Worked Example E — Concentration in g/dm³ with Mr

A solution contains 10.6 g of sodium carbonate (Na₂CO₃) in 250 cm³ of water. Calculate the concentration in g/dm³ and in mol/dm³ (Higher).

Step 1 — volume in dm³: 250 ÷ 1000 = 0.250 dm³ Step 2 — concentration in g/dm³ = 10.6 ÷ 0.250 = 42.4 g/dm³ Step 3 — Mr of Na₂CO₃ = (2 × 23) + 12 + (3 × 16) = 46 + 12 + 48 = 106 Step 4 — moles = 10.6 ÷ 106 = 0.100 mol Step 5 — concentration in mol/dm³ = 0.100 ÷ 0.250 = 0.400 mol/dm³

Worked Example F — Limiting reactant check using Mr (preview)

1.2 g of Mg is added to 50 cm³ of 1.0 mol/dm³ HCl. Which is the limiting reactant?

• Moles of Mg = 1.2 ÷ 24 = 0.050 mol
• Moles of HCl = 0.050 × 1.0 = 0.050 mol
• Equation: Mg + 2HCl → MgCl₂ + H₂. Ratio is 1:2.
• Mg needs 2 × 0.050 = 0.100 mol HCl but only 0.050 mol available.
• Therefore HCl is limiting; Mg is in excess.

This preview shows why Mr is the gateway skill for moles, limiting reactant and yield questions later in the course.

Common Pitfalls in Mr Calculations

Examiner reports from recent Edexcel papers flag these errors repeatedly:

1. Forgetting a bracket. For Al₂(SO₄)₃, students often forget the subscript 3 applies to everything in the bracket. The correct atom count is 2 Al, 3 S, 12 O and Mr = (2 × 27) + (3 × 32) + (12 × 16) = 54 + 96 + 192 = 342. Missing the 3 outside the bracket gives the wrong answer of 150.
2. Mis-reading Ar. Chlorine is 35.5, not 35 or 36. Copper is 63.5 or 64 depending on the periodic table provided — always check the data booklet.
3. Writing an incorrect unit. Mr has no unit. Writing "42 g" or "42 g/mol" is wrong at GCSE. Molar mass (in g/mol) is numerically equal to Mr but is a separate quantity.
4. Not multiplying by the coefficient. When the balanced equation has a 2 in front of a formula, that coefficient counts for moles and masses but does not alter Mr of the substance itself.

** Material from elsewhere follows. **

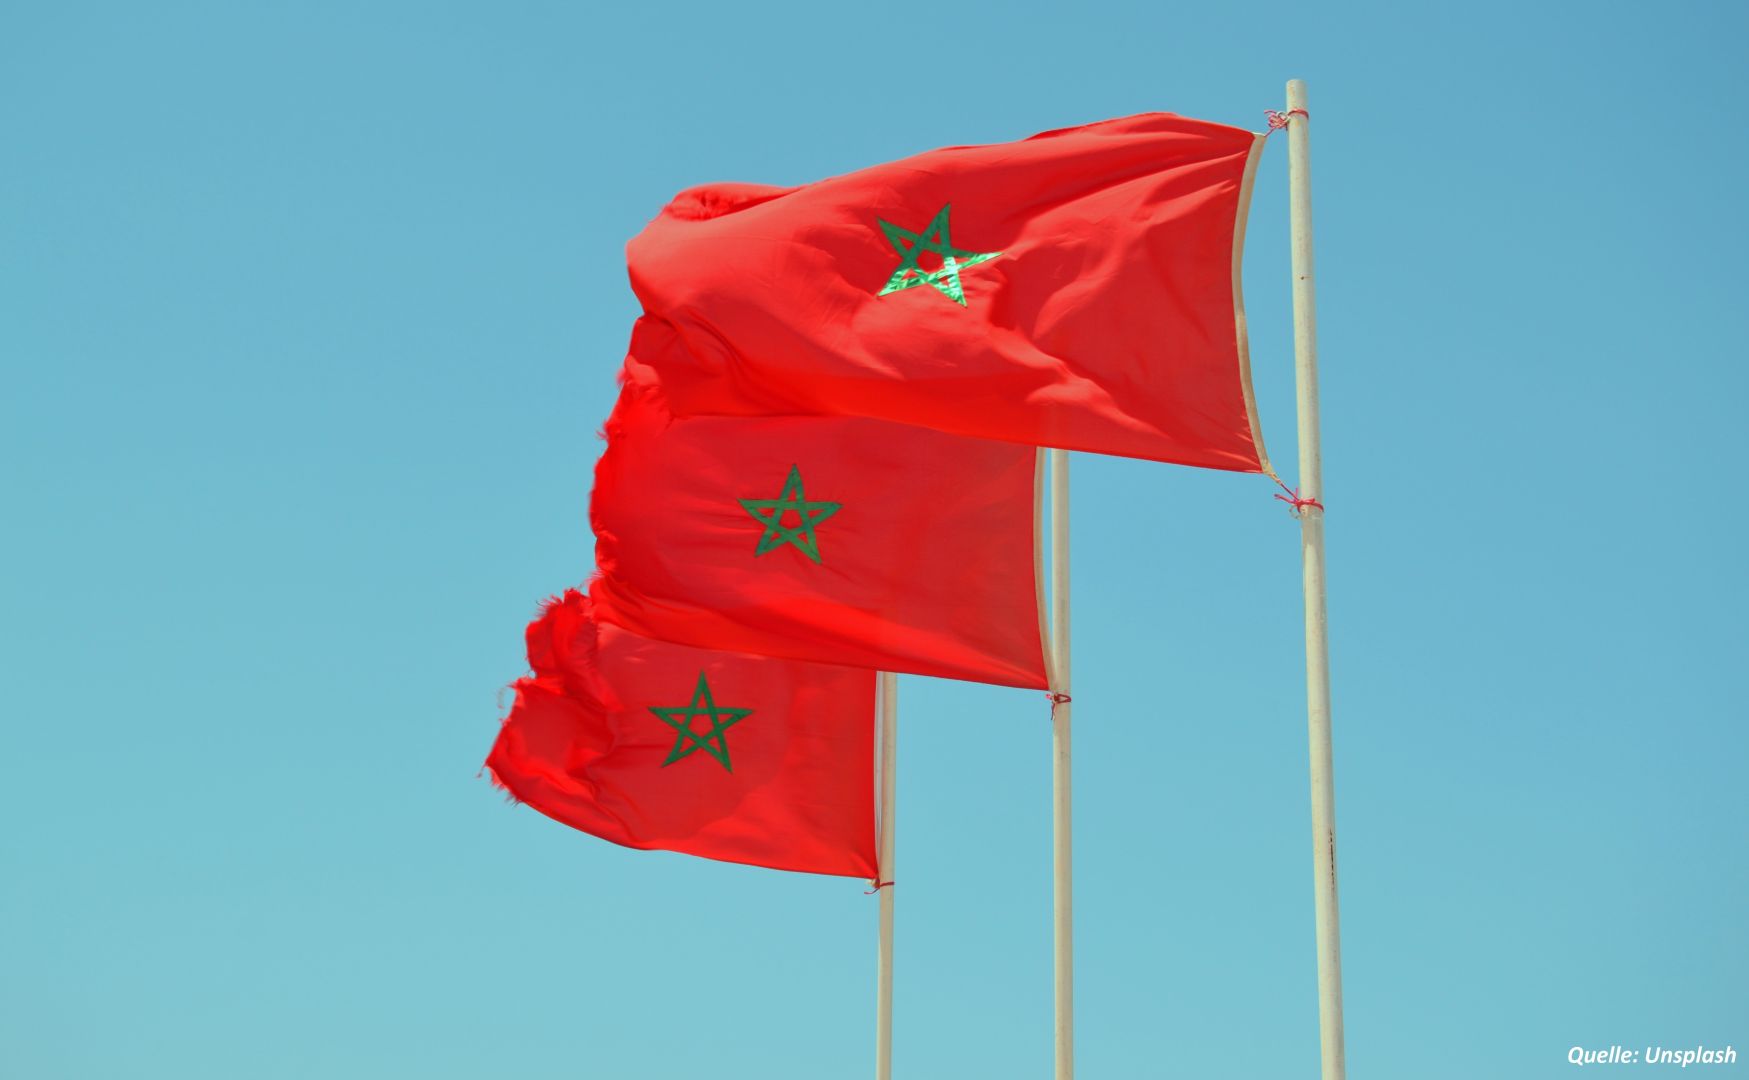 König von Marokko ernennt neuen Generalinspekteur der Armee

Worked Example G — Mr for an ionic compound with variable oxidation state

Calculate Mr of iron(III) sulfate, Fe₂(SO₄)₃.

• 2 Fe: 2 × 56 = 112
• 3 S: 3 × 32 = 96
• 12 O: 12 × 16 = 192
• Mr = 112 + 96 + 192 = 400

Sanity check: A large polyatomic compound should have a three-digit Mr. 400 is reasonable for iron(III) sulfate.

Worked Example H — Reverse calculation

A compound with formula CaX₂ has Mr = 111. Identify element X.

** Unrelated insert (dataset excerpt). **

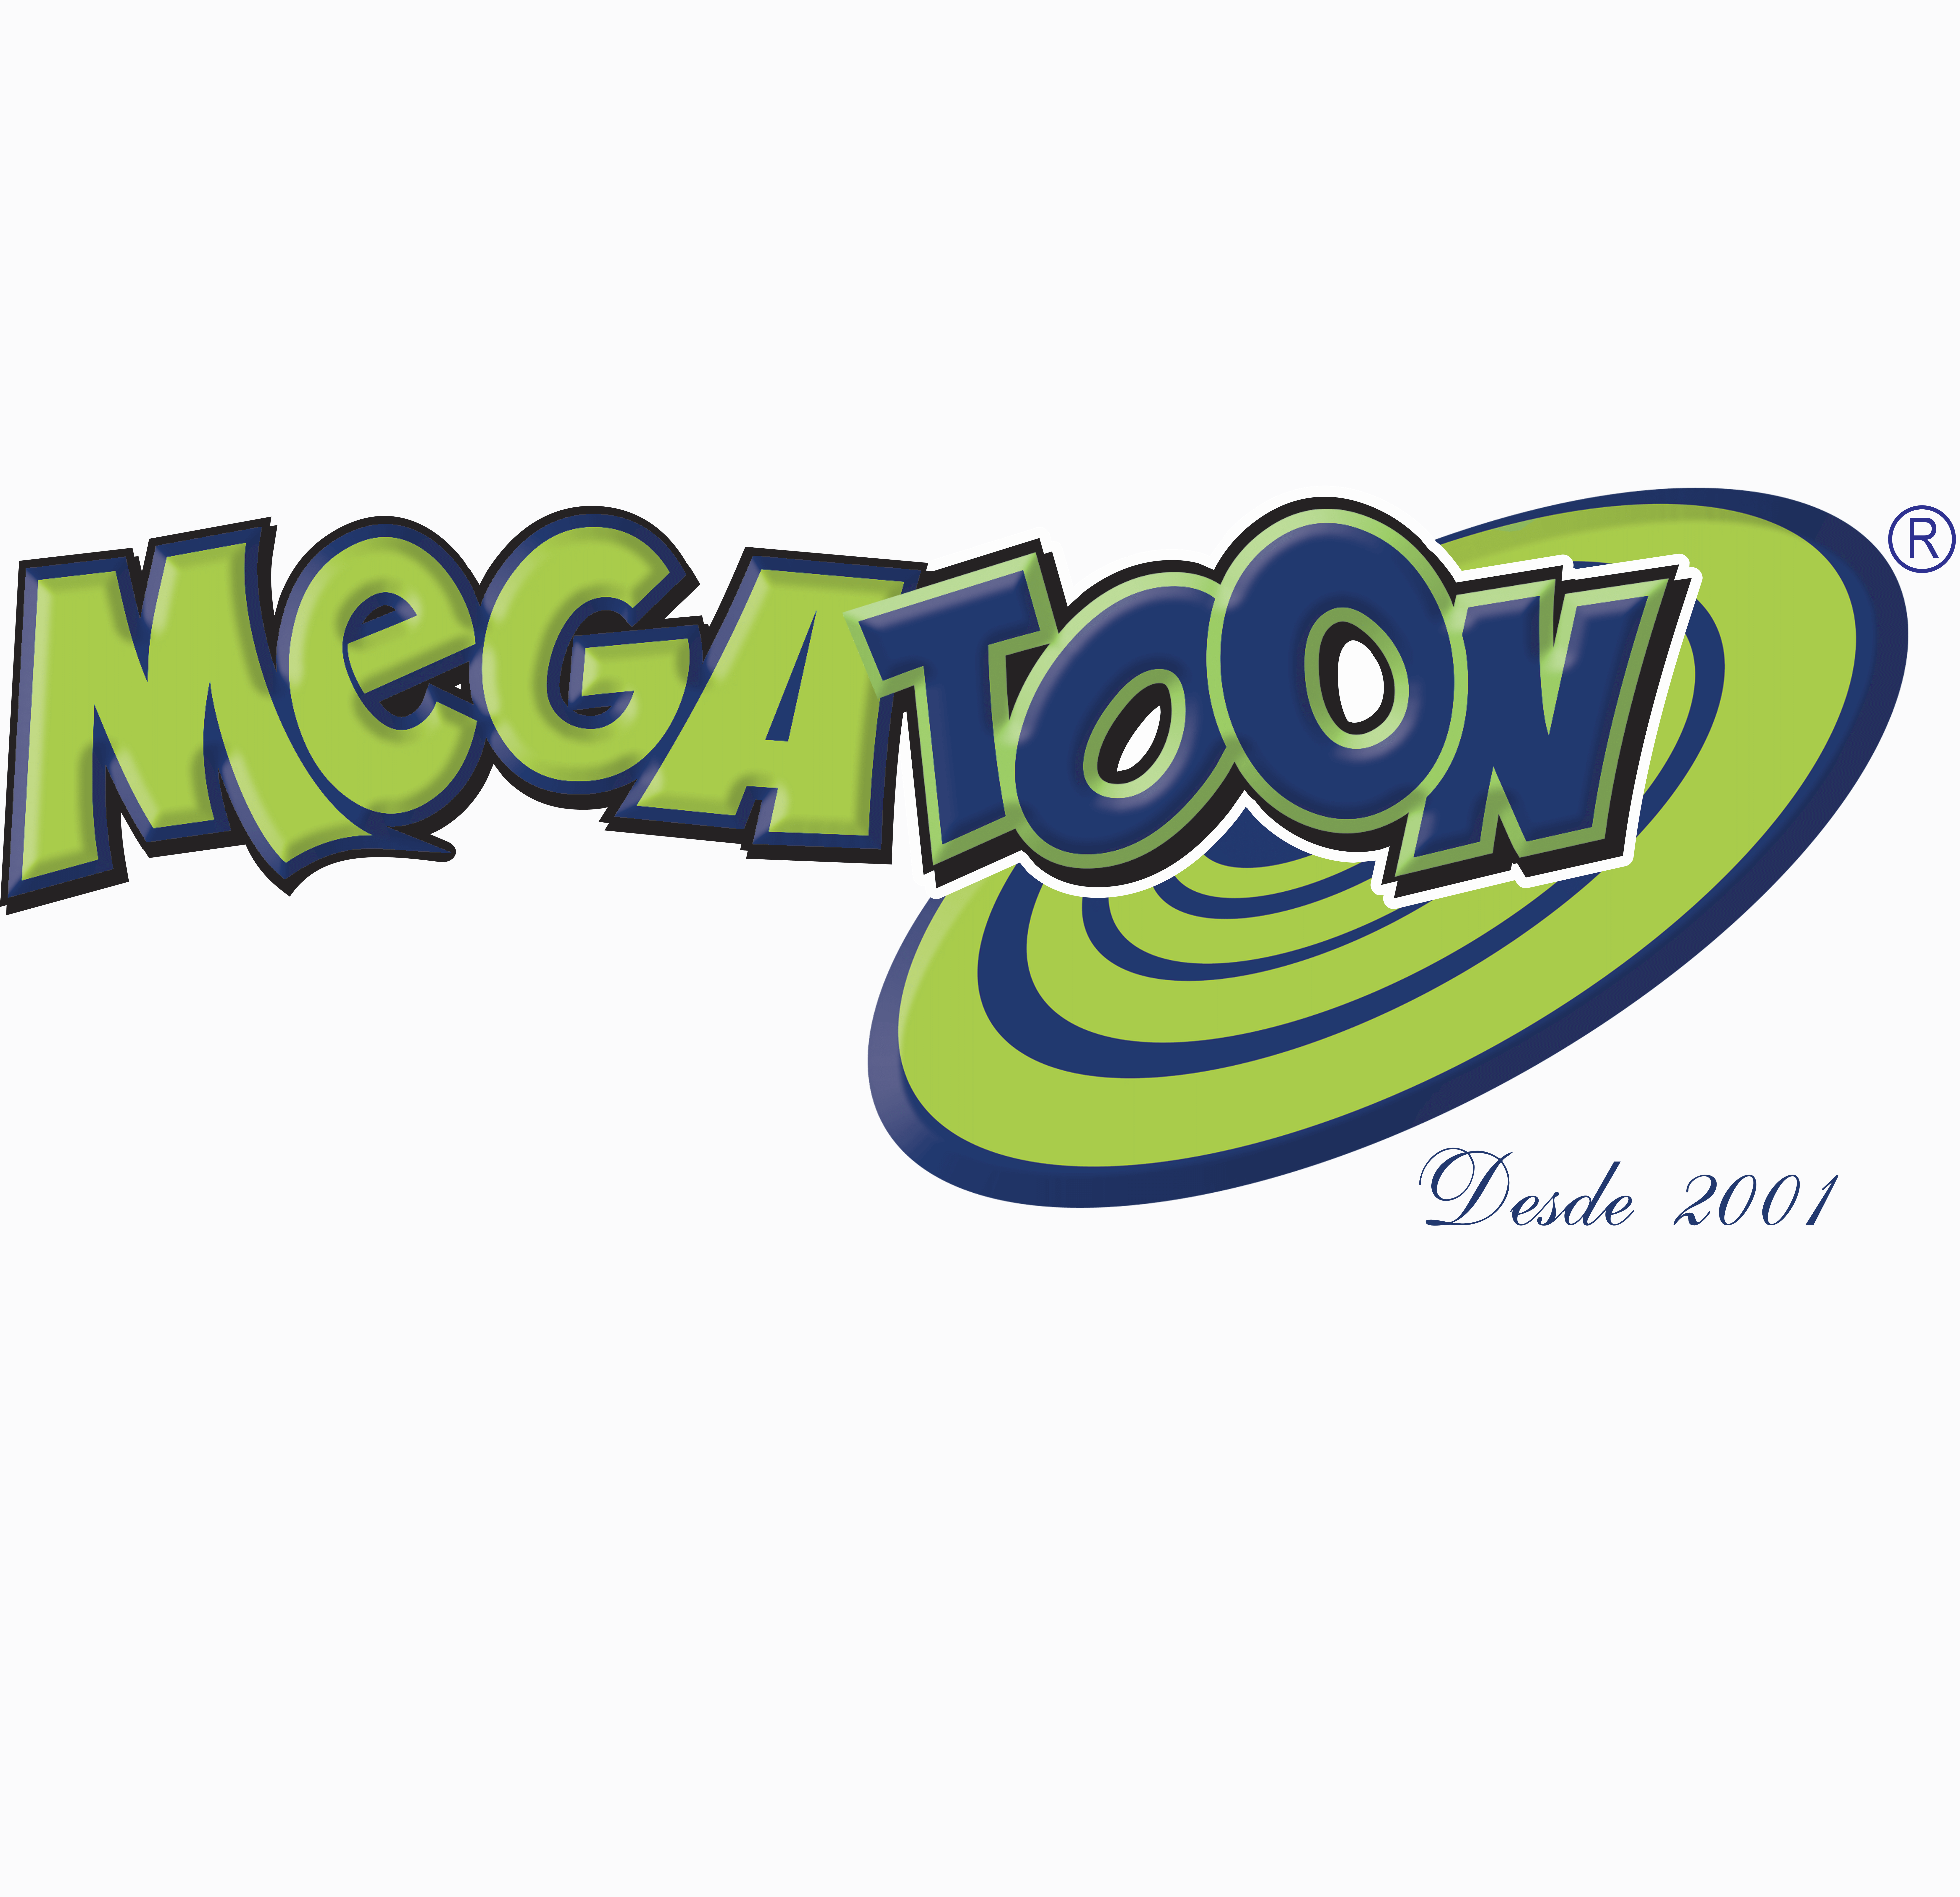 Megatoon

• Mr contribution of Ca = 40
• Mr contribution of 2X = 111 − 40 = 71
• Ar of X = 71 ÷ 2 = 35.5 → X is chlorine, compound is CaCl₂.

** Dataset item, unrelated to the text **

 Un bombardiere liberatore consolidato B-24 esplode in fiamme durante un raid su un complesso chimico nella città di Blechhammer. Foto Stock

Answering at different grade levels

Grade band	Typical response
Grades 1–3	States that Mr is "adding up the numbers" but forgets brackets; may write a unit such as g.
Grades 4–5	Correctly uses relative formula mass Mr, handles simple formulae (NaCl, CO₂), states Mr has no unit.
Grades 6–7	Handles brackets and hydrated salts; links Mr to mole using moles = mass ÷ Mr; uses concentration mol/dm³ confidently.
Grades 8–9	Integrates Mr into multi-step calculations for limiting reactant, percentage yield and atom economy; explains why Mr is dimensionless; checks answers by conservation of mass.

Edexcel alignment: This content is aligned with Edexcel GCSE Chemistry (1CH0) specification Topic 3 Chemical changes — specifically 3.1–3.4 quantitative chemistry; Topic 4 Extracting metals and equilibria also applies for yield/atom economy. Assessed on Paper 1.